Henceforth, they shall be known as "Stoopid." Yep. Let it be said, let it be done.
The stoopid people I would like to discuss are the ones that were featured on Friday's Maury Show, that would be the daytime talk show hosted by toolboy Maury Povich.
For the record, I don't ever watch this show... period. However, Katie and I were both home on Friday and flipping around the stations and I saw the show's title call-out box with the description "My fear of mustard and pickles is ruining my life."
Oh my dear God... how could I possibly say no?
Essentially, the show featured stoopid people being confronted on their irrational fears.
Yes, I have fears of my own (clowns, ventriloquist dummies, spiders, heights, and, now, stoopid people), but these folks were just freaks. Their fears were completely irrational. They would wig out (yes, I said "wig out") at the very sight of their fears.
One woman was afraid of birds and, when they brought a little canary on stage to help her face her fear, she blew a gasket and ran around the stage screaming, hiding, etc.
A second woman was terrified of mustard. I dislike mustard, but I'm not afraid of it. When they brought a platter covered in mustard on stage, she blew a gasket and ran around the stage screaming, hiding, etc.
Are you starting to see a pattern develop here?
So did I.
I'm guessing the script looked something like this.
[guest sits on chair on stage next to Maury; two guests on stage at a time]
[guests eyes dart around stage in realization that something bad is about to happen]
[despite seeing nothing, guest will stand up and start to scream with hands flailing about at neck level and bouncing back and forth from one foot to the other as though running in place]
[screaming continues as guest looks for nearest exit... they spy the backstage steps and run up them to the landing and start to run down the final flight of stairs only to realize that, at the bottom, is a stagehand bearing the source of their fear]

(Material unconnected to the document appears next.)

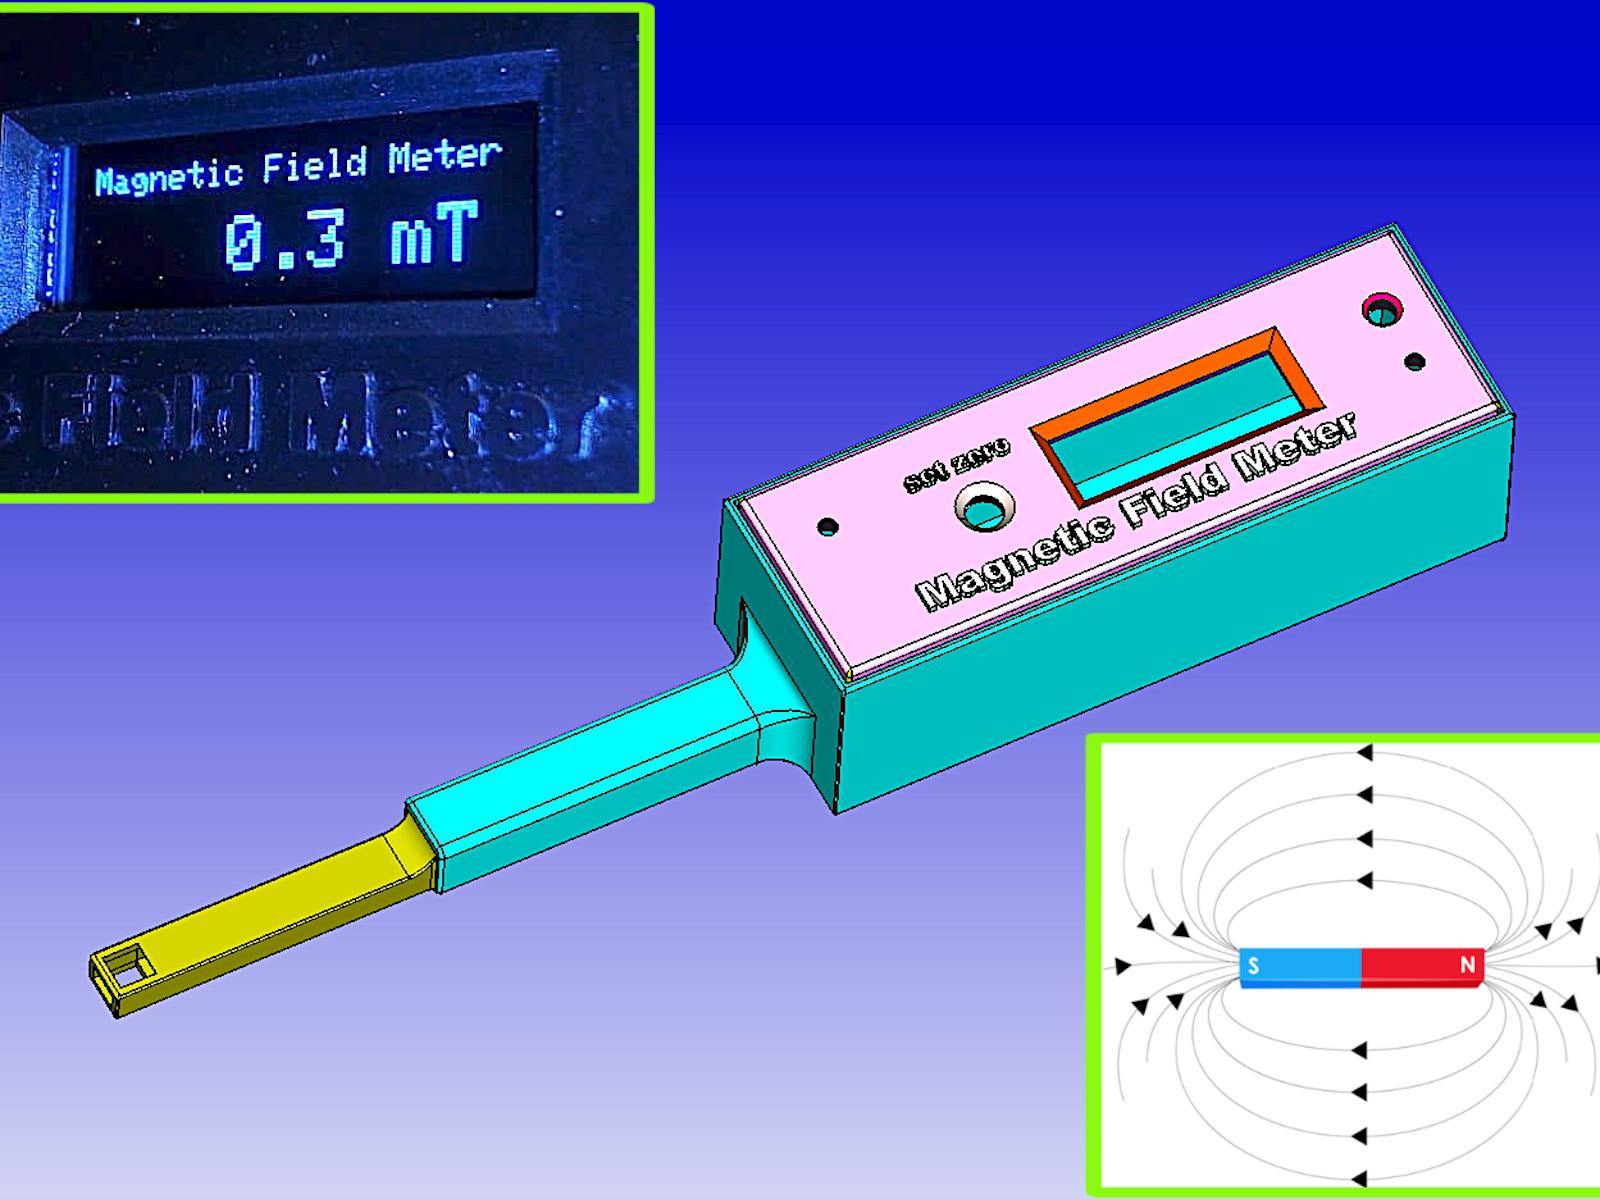 Magnetic Field Meter range 200mT (milliTesla) -

[guest runs back up steps and yells]
Guest: "Maury, how could you do this to me?!?!?!?!"
[guest spies stagehand off stage left with source of fear as well as one off stage right]
[guest runs behind chairs on stage and shakes one back and forth as though they will pick it up and use it as a weapon]

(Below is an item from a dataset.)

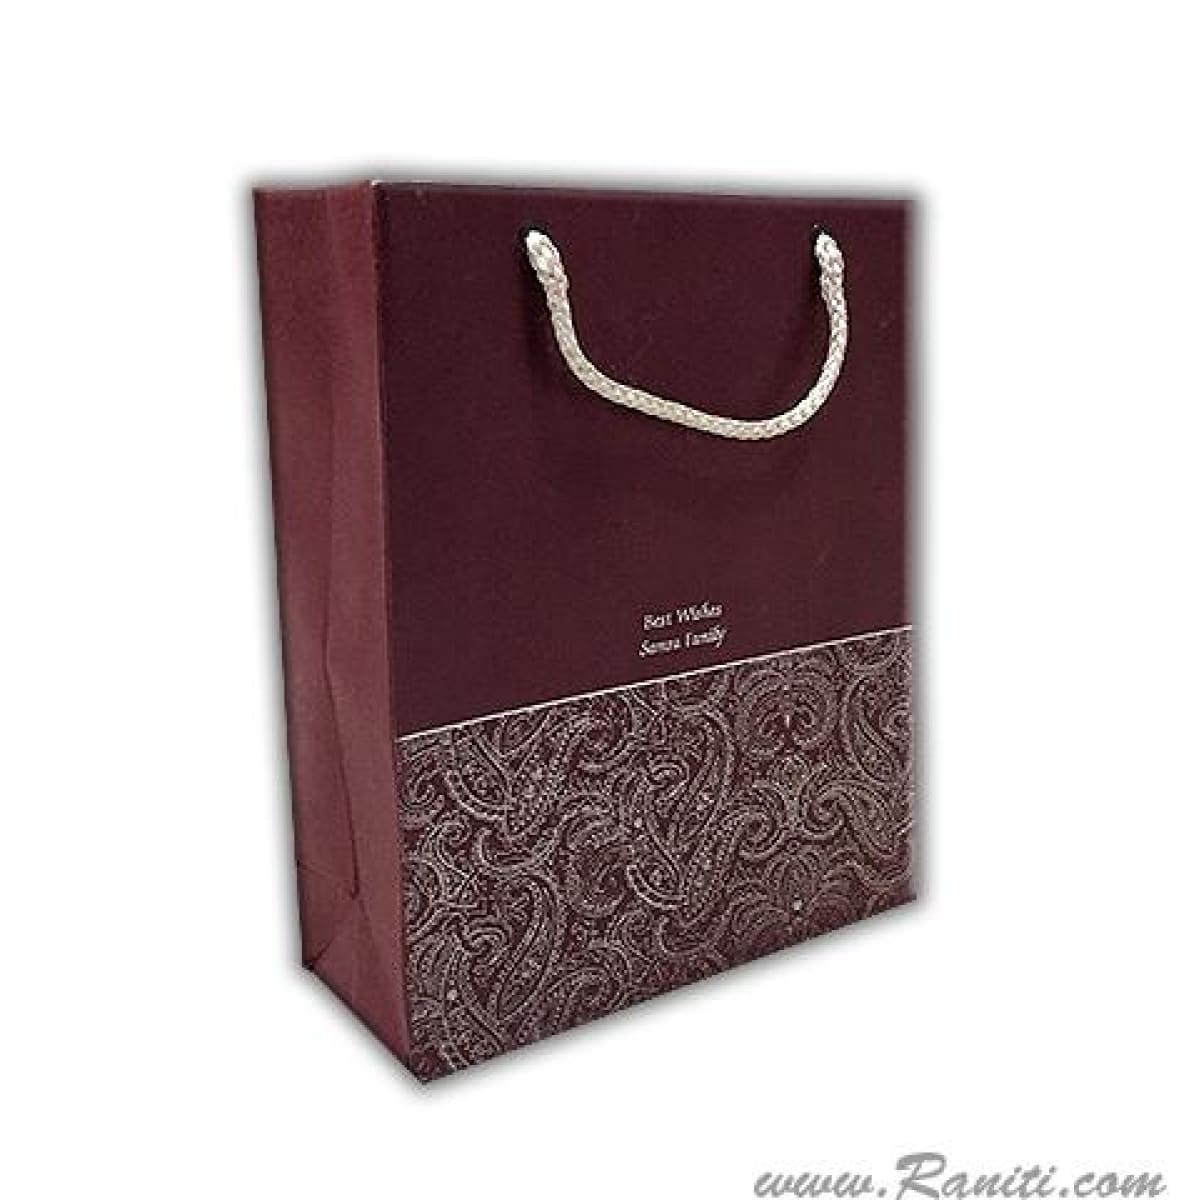 Custom Personalized Paper Bag - Paisley Theme Custom Wedding Guest

Guest: "I'm going to kill you!!!!"
[Maury defers to psychoanalyst conveniently sitting in front row of audience]
Maury: "Doc, have you ever seen anything this bad?"
Doctor: "Sadly, Maury, I have."
Maury: "Can you help them, doc?"
Doctor: "Of course I can."
[guest continues wailing like a banshee]
Maury [to stagehands]: "okay, back off!"
[guest improvises]
It was exactly the same for each of the two guests I stuck around to watch (bird girl and mustard girl). I couldn't stomach it after those two despite the fact that pickle girl was coming up after the break. The improvising portion featured one woman running to the side of the audience bleachers and clutching them while
crying. The other actually did lift up a stage chair and wield it as a
weapon. I really wished she threw it.
So I guess when you look at it, I'm not really picking on people for having irrational fears so much as I'm picking on the writers and producers at The Maury Show for portraying irrational fears so ridiculously. These clearly were not legitimate people fearing something. They were actors. I mean, they did the same damn thing up to the very end. Motion for motion, word for word (as few as there actually were).
Maybe I won't be going to hell after all. Perhaps I will be presented with some kind of award for calling out the stoopid people working on this damnable show for making such a farce of fears. I'll be the talk show whistleblower! I like the sound of that. Someone needs to call them on their stoopidity.
And, for the record, I do not make a habit of watching these shows. I detest them. I watched The Jerry Springer Show a few times out of morbid curiosity, but stopped.
Well, I learned my lesson. That tripe comes on again, I'm gone. Ritualistic self sacrifice, here I come!